I treated most of my bucket-list goals this way, most particularly the goal I had of building a side-hustle. After I sold my business in 2013, I kept adding new ideas to a long list, but always came up with an excuse for why it wasn’t the right time, or the right idea to validate.
Coincidentally, I ended up tackling both bucket list items at the same time in 2019. When I look back on it, surf camp did something special for me, it gave me momentum to tackle other goals that had been sitting in my head.
So what changed in 2019? Why did I finally pursue surf camp? Enter Robyn Fukumoto, my then colleague at BCG Digital Ventures and now co-founder at Lani & Kai. We both had a passion for start-ups and big ideas and desperately wanted something outside of our day-to-day grind to care about.
What started as small after work chats with Robyn, soon evolved into being each other’s goal buddies. It started simply by pushing each other to do things we wouldn’t have done alone — like workout classes, half marathons and scheduling time every week to brainstorm new business ideas. This support system helped us work up to bigger goals — like traveling to Morocco for a 7 day surf camp (big thanks to Surf Maroc).
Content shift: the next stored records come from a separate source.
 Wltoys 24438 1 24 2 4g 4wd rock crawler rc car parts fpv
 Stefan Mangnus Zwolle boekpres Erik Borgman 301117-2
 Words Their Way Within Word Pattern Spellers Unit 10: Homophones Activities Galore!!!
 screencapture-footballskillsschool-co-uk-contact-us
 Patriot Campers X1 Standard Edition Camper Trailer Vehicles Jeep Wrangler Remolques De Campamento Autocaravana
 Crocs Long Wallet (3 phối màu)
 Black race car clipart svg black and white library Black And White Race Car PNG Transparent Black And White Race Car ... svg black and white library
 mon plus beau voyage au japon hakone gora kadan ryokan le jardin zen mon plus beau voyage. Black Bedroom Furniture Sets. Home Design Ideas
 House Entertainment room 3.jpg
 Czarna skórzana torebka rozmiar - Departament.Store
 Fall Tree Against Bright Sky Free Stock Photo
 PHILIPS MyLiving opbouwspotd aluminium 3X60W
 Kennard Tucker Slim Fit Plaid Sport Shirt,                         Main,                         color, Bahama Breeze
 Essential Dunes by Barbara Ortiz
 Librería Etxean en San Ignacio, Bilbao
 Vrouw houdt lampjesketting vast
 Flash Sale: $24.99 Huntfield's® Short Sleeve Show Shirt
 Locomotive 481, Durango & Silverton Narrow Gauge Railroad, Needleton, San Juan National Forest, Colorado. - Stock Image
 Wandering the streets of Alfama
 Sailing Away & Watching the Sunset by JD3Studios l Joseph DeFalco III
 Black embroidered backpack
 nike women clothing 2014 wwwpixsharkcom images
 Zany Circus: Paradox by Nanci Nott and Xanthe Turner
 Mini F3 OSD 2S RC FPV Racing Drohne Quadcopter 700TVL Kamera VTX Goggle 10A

By the end of 7 days in Morocco we were catching waves and planning how we could continue to make this new hobby a part of our lives. With our brains focused on waves instead of work, it allowed us to start thinking about the other goals we wanted to take the reins on. Realizing surfing was possible with planning, focus and dedication — starting a side-hustle felt possible too.
While recovering in-between surf sessions, we had time to think through what our. side-hustle could be and how we could start. By putting guardrails on our many ideas we were able to narrow in on a feasible business to run with a full-time job, and then just like booking surf camp, we broke up launching our business into small tasks — like vetting manufacturers, testing formulas, finding packaging, creating fulfillment processes, setting prices, and launching a website.
Less than a year later Lani & Kai was launched to the world. Pulling the trigger on surf camp gave us the mental push we needed to get moving on a thing that we would have otherwise just said maybe one day to.